Long uses electricity to resuscitate Jason, who murders several of Long's disciples, whom Long dismisses as sinners rightfully punished by Jason. Kelly flees the church and seeks aid from the Operators. Jason begins murdering the Operators one by one and is assisted in his rampage by Long, who has ordered his followers to kill the Operators. One of the slain Operators is the group's leader and Hobb's best friend, Jeff Townsend. Meredith, distraught over Long's increasingly megalomaniacal behavior, the lecherous advances of Long's second-in-command, a disabled Marine named Curtis Rickles, and her belief her sexuality was the reason Jason murdered her parents, runs away from the camp in search of Jason but is found and snapped back to her senses by Hobb and Kelly.

After Long refuses to surrender, the remaining Operators lay siege to Camp Crystal Lake. Jason joins the fray, killing combatants on both sides; during the battle, Rickles sexually assaults Meredith and is shot by Hobb, who is unable to save Meredith from Jason. In the aftermath, the only ones left alive are Hobb, Kelly, Jason, and Long. Long, having missed the conflict due to passing out after abandoning his three wives and engaging in frenzied self-flagellation, denounces his cultists before supplicating himself before Jason to be "judged" by him; he is killed while declaring, "Praise God in all His wisdom."

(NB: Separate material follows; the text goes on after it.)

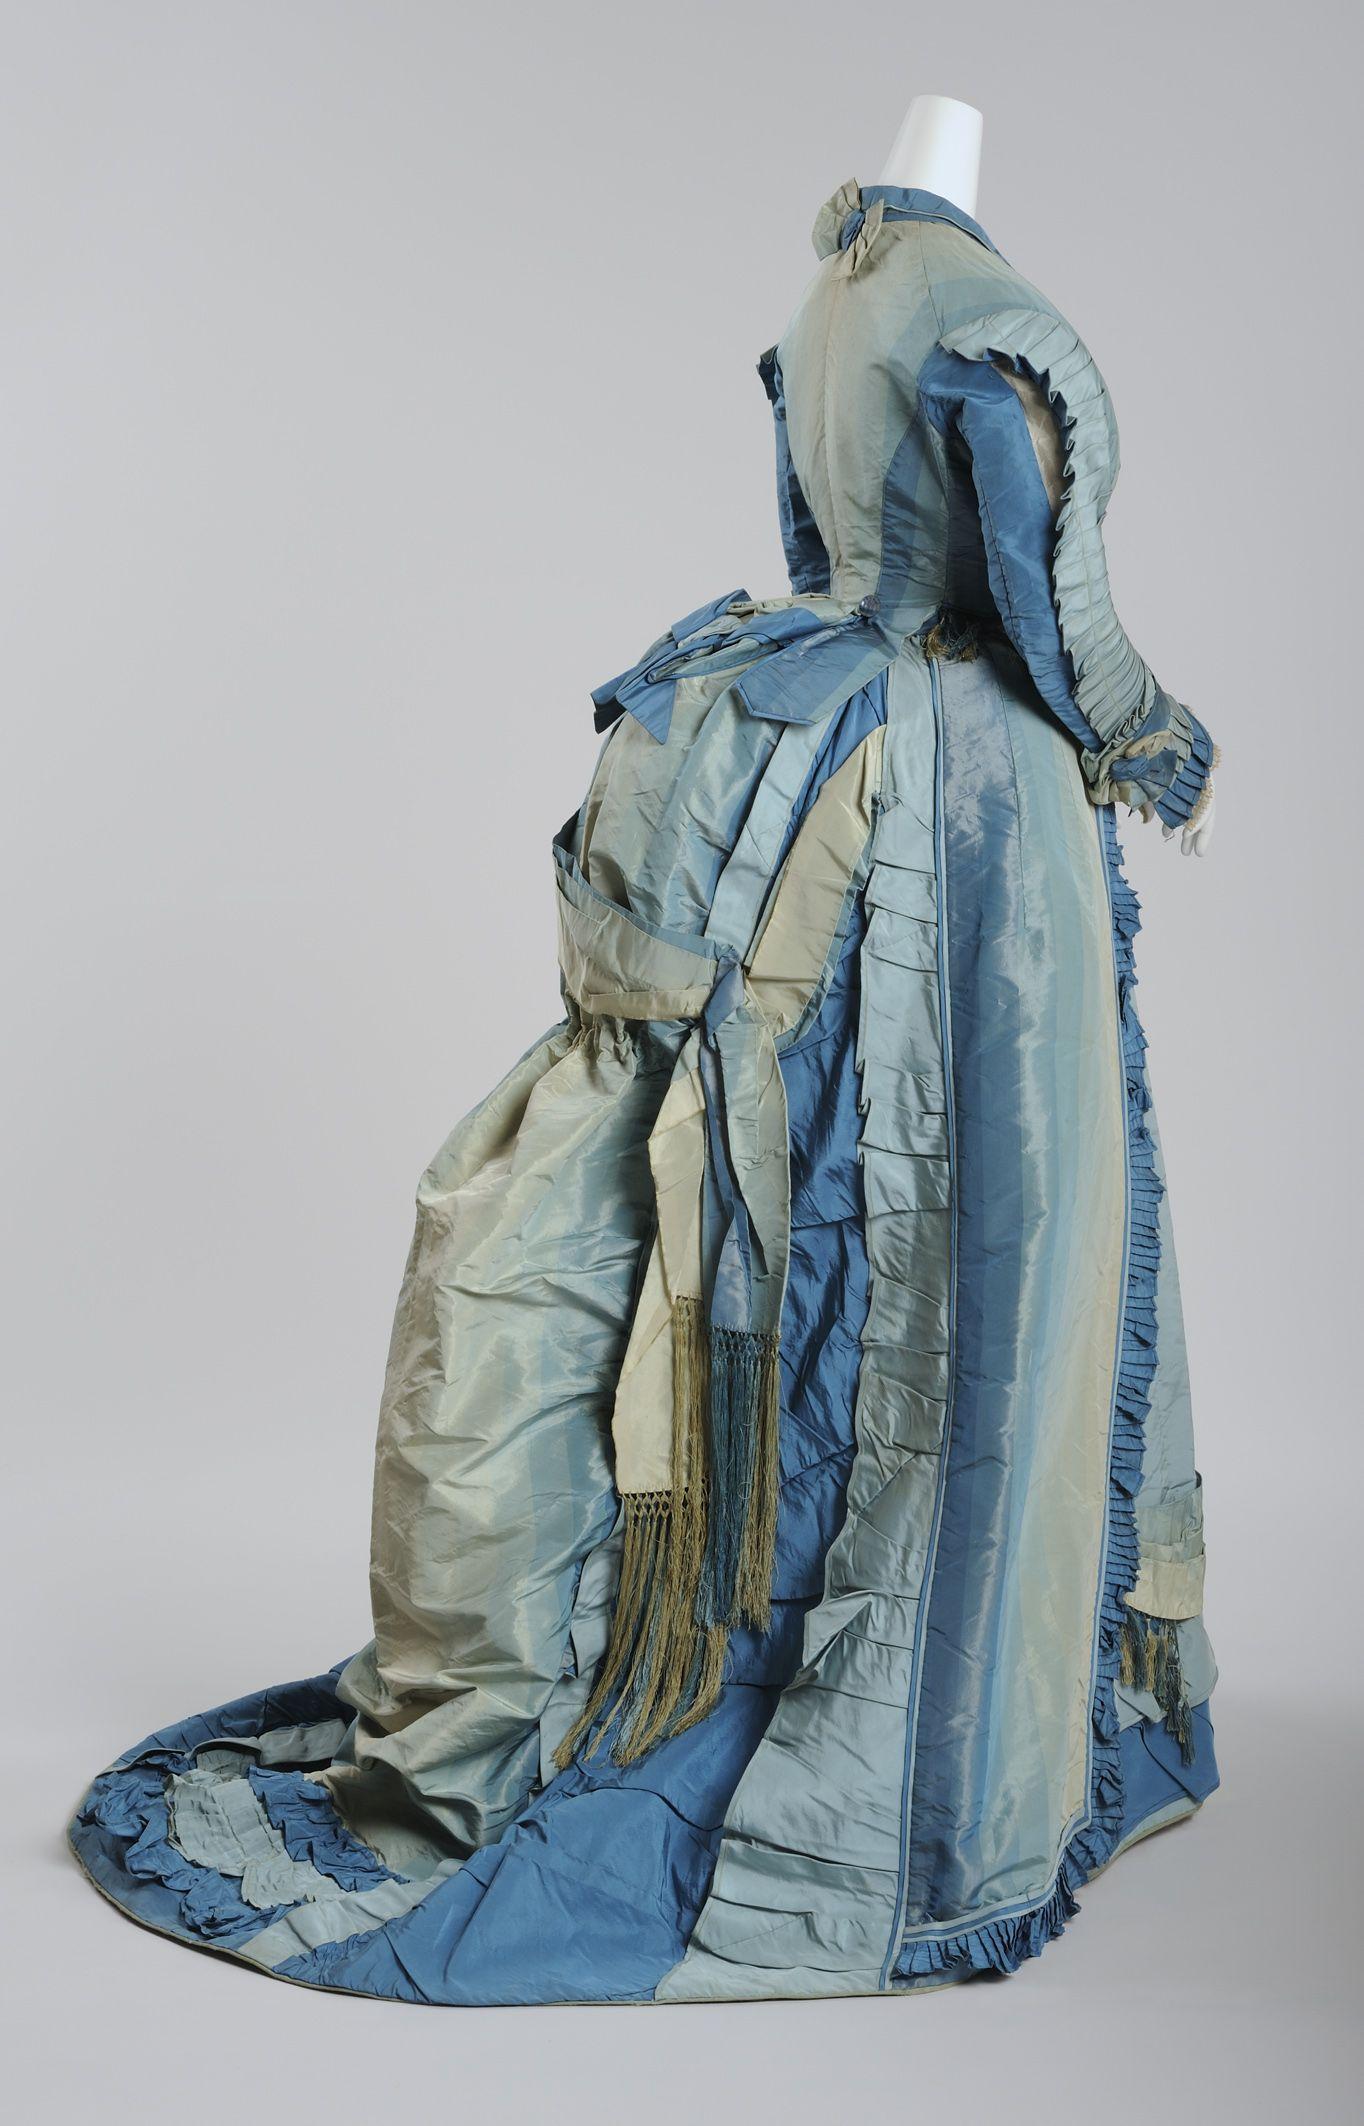 museumsquartier wien | viktorianischer stil, vintage outfits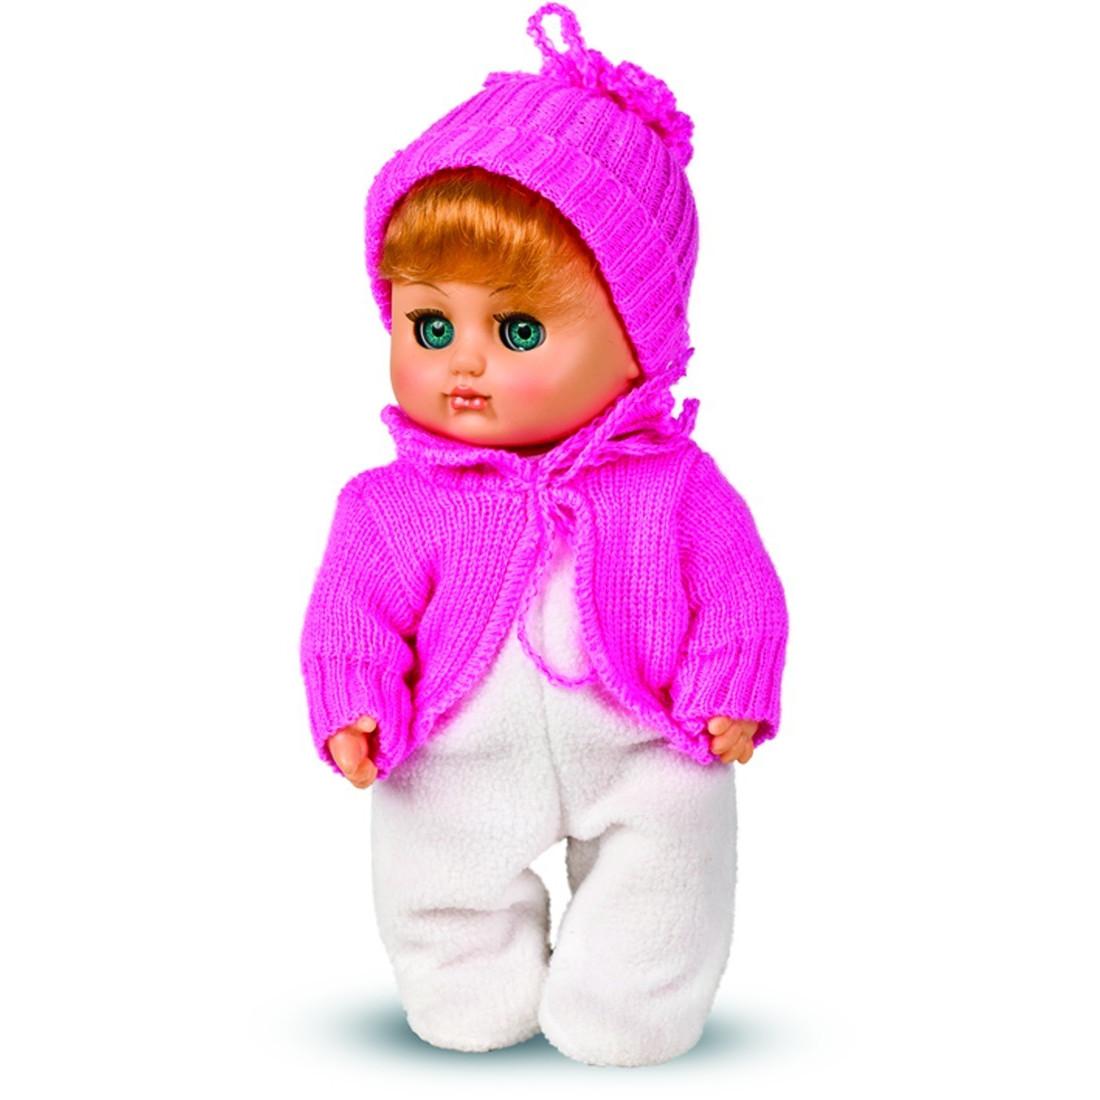 Кукла Любочка 7, 21 смРусские куклы фабрики Весна<br>Кукла Любочка 7, 21 см<br>

Hobb arms himself with a pair of grenade launchers, while Kelly, in a bid to lure Jason out into the open, strips to her underwear and prances through the ruins of Camp Crystal Lake. Jason takes the bait and chases Kelly into the cafeteria, where he is ambushed by Hobb. During their fight, Hobb knocks Jason into a pit where the Ministry had been dumping the dead, including Townsend. Hobb blows Jason and the mass grave up, recovers Jason's body parts and hockey mask to place in government custody, and drives off with Kelly.

== Publication ==

Author Scott S. Phillips has stated he had "a great time" writing the book and that he was "pretty much left alone" while authoring it; the only parameter Black Flame had given him to follow was "to make it R-rated." However, Phillips has also declared, "After a truly unpleasant experience with the editor of my novel Friday the 13th: Church of the Divine Psychopath, I decided to take a stab at self-publishing, and I've never looked back." Black Flame "goofed up" and did not credit Phillips with the "S" initial he used to avoid being confused with another author named Scott Phillips.

Phillips celebrated the book's release with a signing at the Dark Delicacies bookstore in Burbank, California, on August 20, 2005.

== Reception ==

Nat Brehmer of Wicked Horror felt the novel was "pretty decent" with an intriguing premise and a "great" villain in the form of Father Eric Long. In a review written for Rue Morgue, Joel Harley praised the book, opining that it added "a new dimension to the franchise in a way that the movies could never have" and was "one of the franchise's most vibrant and exciting entries to date." Brehmer, in an expanded review written for Medium, reiterated that Church of the Divine Psychopath was "a crude, hyper-violent, exceptional splatterpunk horror novel" that, despite being "gleefully mean-spirited" with a "jet-black" sense of humor, did not shy away from serious and traumatic topics, which, in Brehmer's opinion, contributed to it being the best of the five Friday the 13th novels published by Black Flame.